Oliverio Girondo
Si hubiera sospechado
lo que se oye después de muerto, no me suicido.
Apenas
se desvanece la musiquita que nos echó a perder los últimos momentos y cerramos
los ojos para dormir la eternidad, empiezan las discusiones y las escenas de
familia.
¡Qué
desconocimiento de las formas! ¡Qué carencia absoluta de compostura! ¡Qué
ignorancia de lo que es bien morir!
Ni
un conventillo de calabreses malcasados, en plena catástrofe conyugal, daría
una noción aproximada de las bataholas que se producen a cada instante.
Mientras
algún vecino patalea dentro de su cajón, los de al lado se insultan como
carreros, y al mismo tiempo que resuena un estruendo a mudanza, se oyen las
carcajadas de los que habitan en la tumba de enfrente.
Cualquier
cadáver se considera con el derecho de manifestar a gritos los deseos que había
logrado reprimir durante toda su existencia de ciudadano, y no contento con
enterarnos de sus mezquindades, de sus infamias, a los cinco minutos de
hallarnos instalados en nuestro nicho, nos interioriza de lo que opinan sobre
nosotros todos los habitantes del cementerio.
De
nada sirve que nos tapemos las orejas. Los comentarios, las risitas irónicas,
los cascotes que caen de no se sabe dónde, nos atormentan en tal forma los
minutos del día y del insomnio, que nos dan ganas de suicidarnos nuevamente.
Aunque
parezca mentira –esas humillaciones– ese continuo estruendo resulta mil veces
preferible a los momentos de calma y de silencio.
Por
lo común, estos sobrevienen con una brusquedad de síncope. De pronto, sin el
menor indicio, caemos en el vacío. Imposible asirse a alguna cosa, encontrar
una a que aferrarse. La caída no tiene término. El silencio hace sonar su
diapasón.
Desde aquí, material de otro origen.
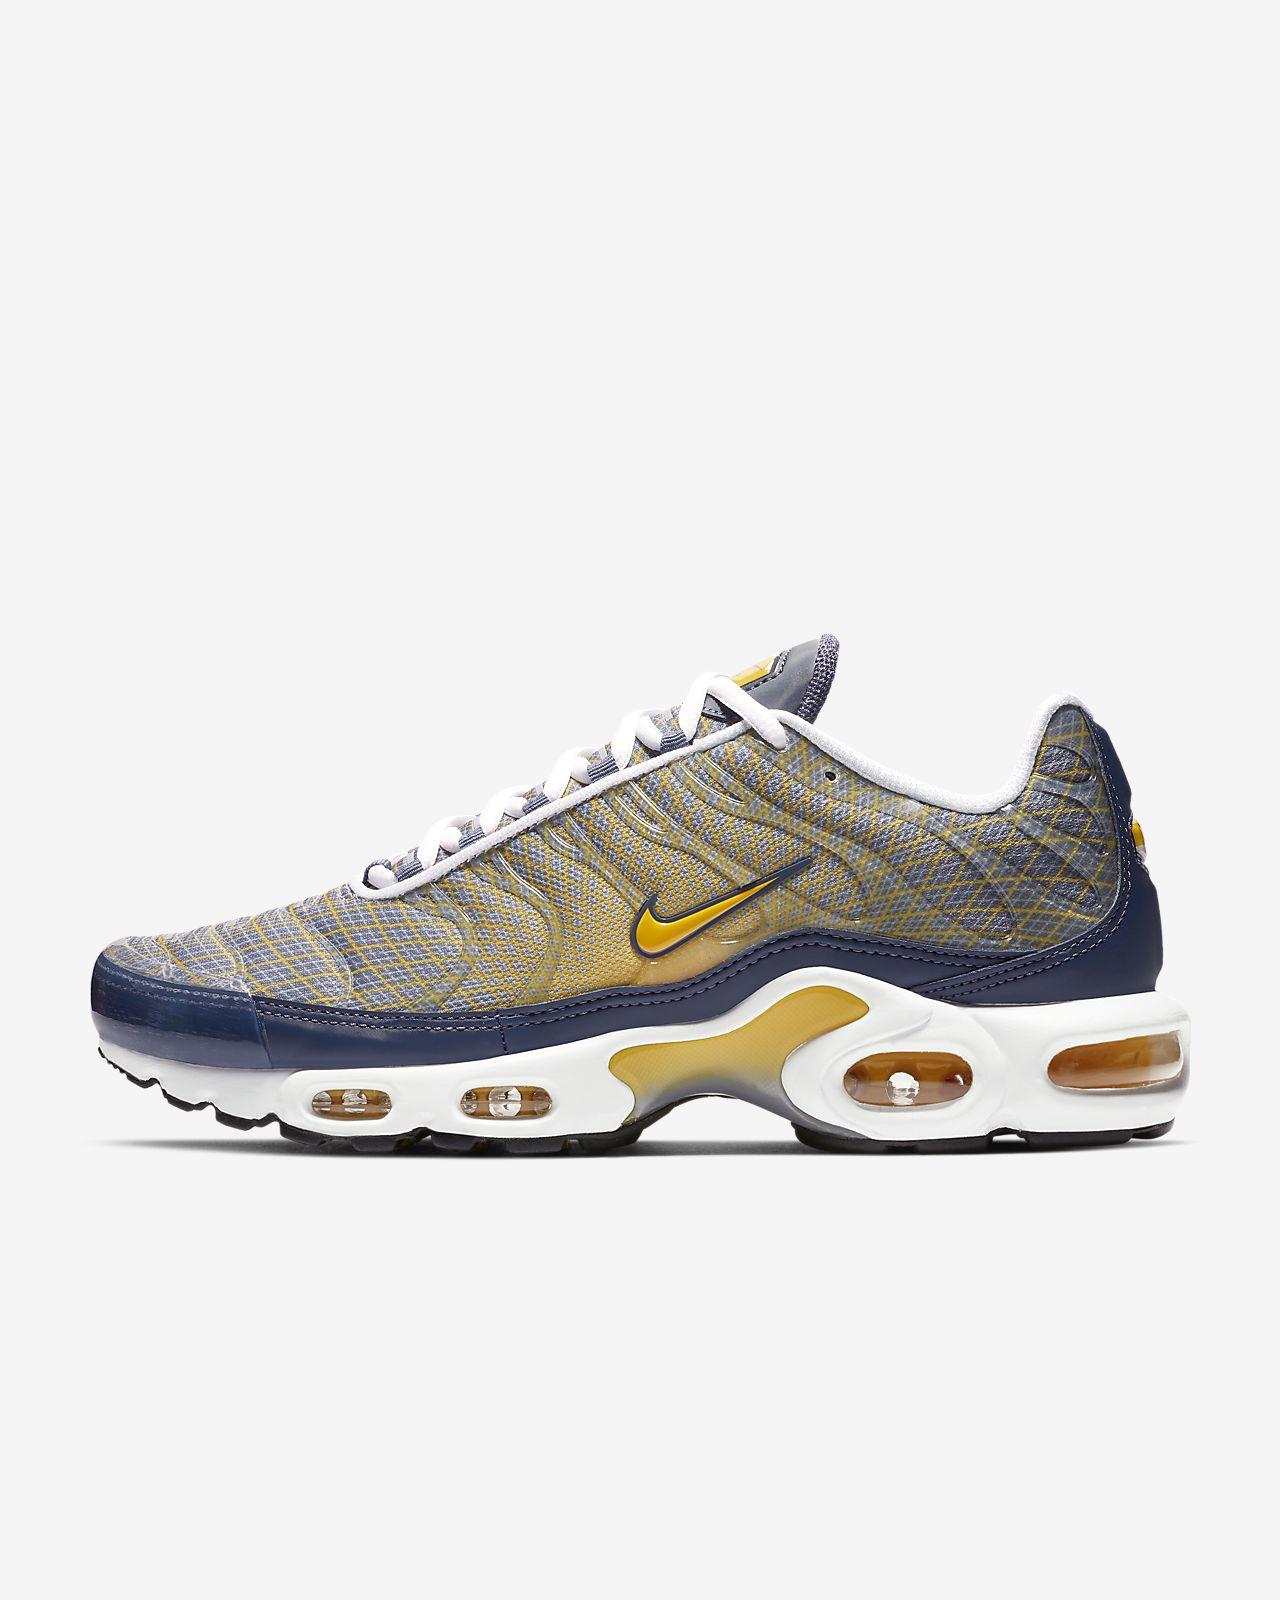 Acheter des chaussures d'origine Nike Running Air Max
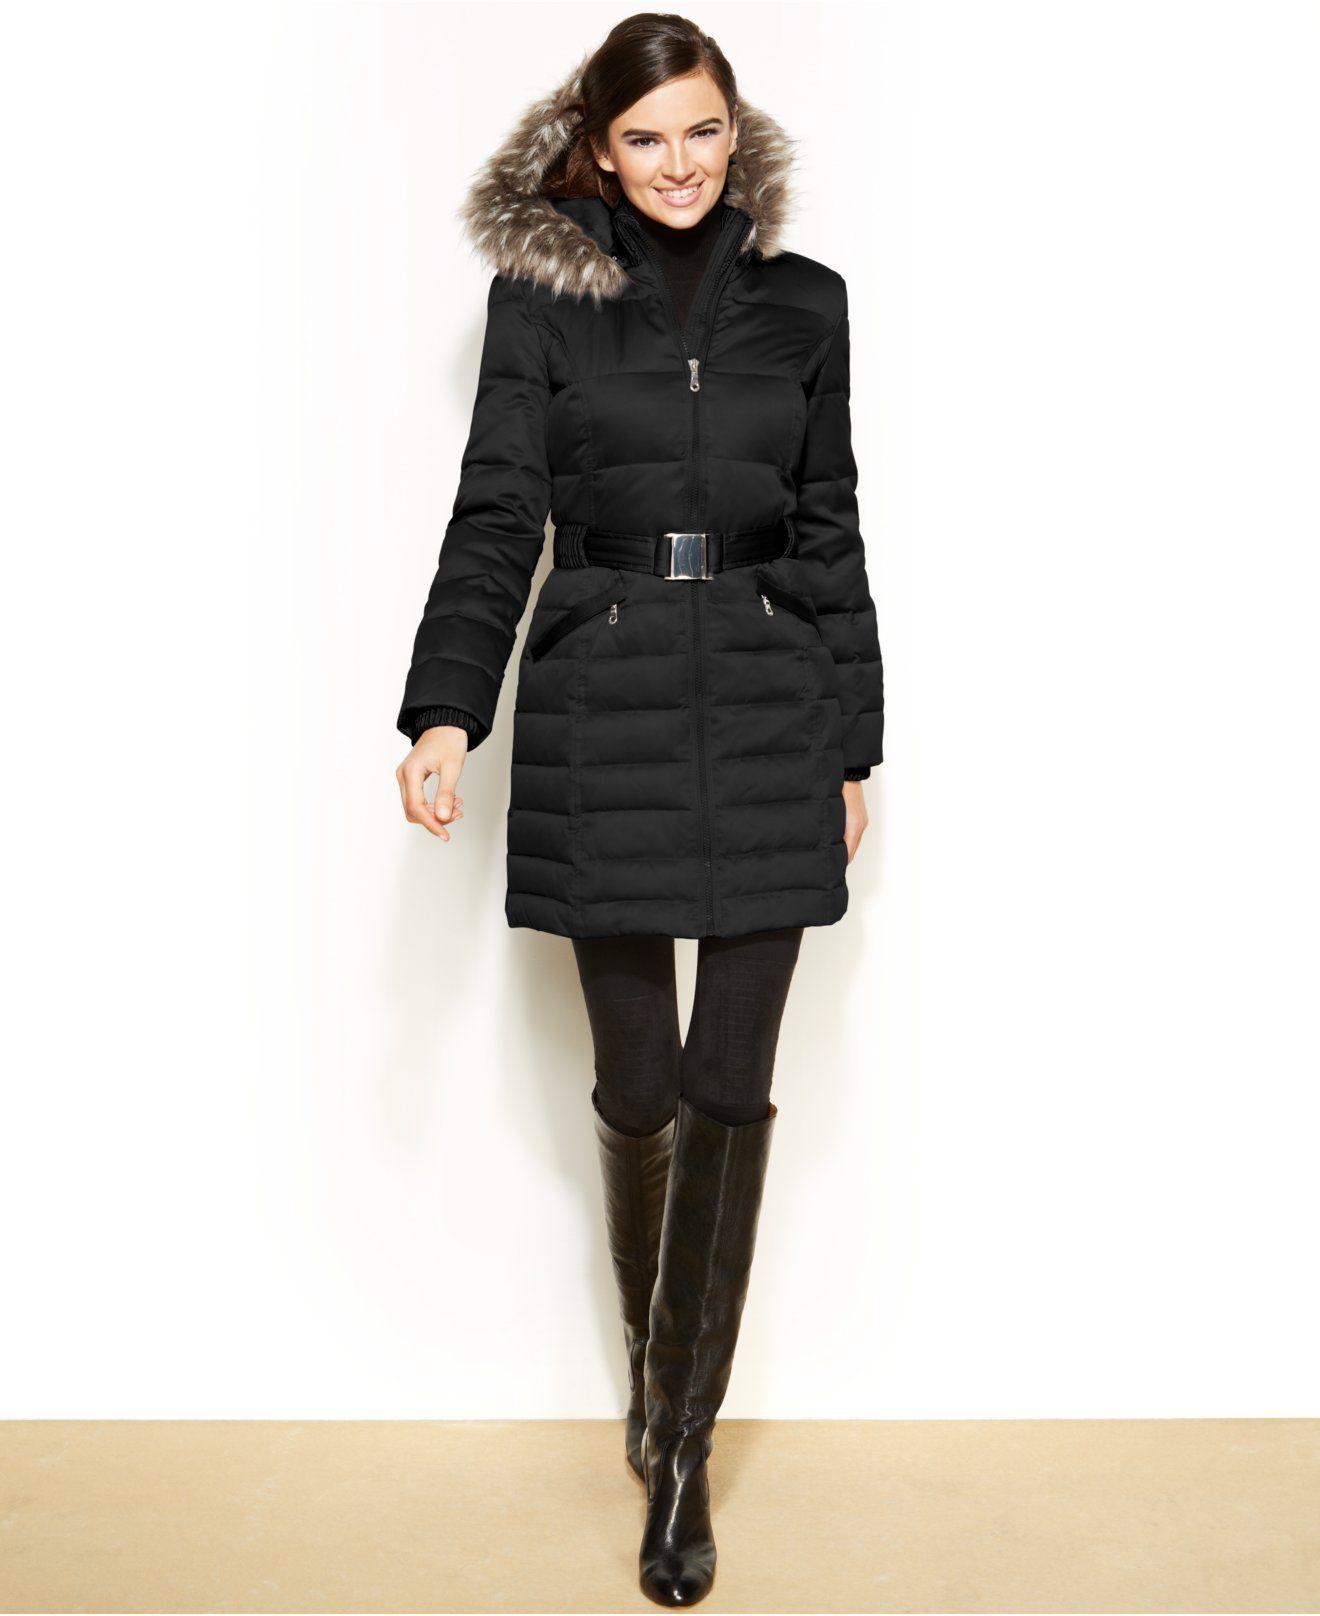 Dkny Hooded Faux Fur Trim Belted Down Puffer Coat Coats Women Macys Black M Down Puffer Coat Puffer Coat Coats For Women [ 1616 x 1320 Pixel ]

La atmósfera se rarifica cada vez más, y el menor ruidito: una uña,
un cartílago que se cae, la falange de un dedo que se desprende, retumba, se
amplifica, choca y rebota en los obstáculos que encuentra, se amalgama con
todos los ecos que persisten; y cuando parece que ya va a extinguirse, y cerramos
los ojos despacito para que no se oiga ni el roce de nuestros párpados, resuena
un nuevo ruido que nos espanta el sueño para siempre.
¡Ah,
si yo hubiera sabido que la muerte es un país donde no se puede vivir!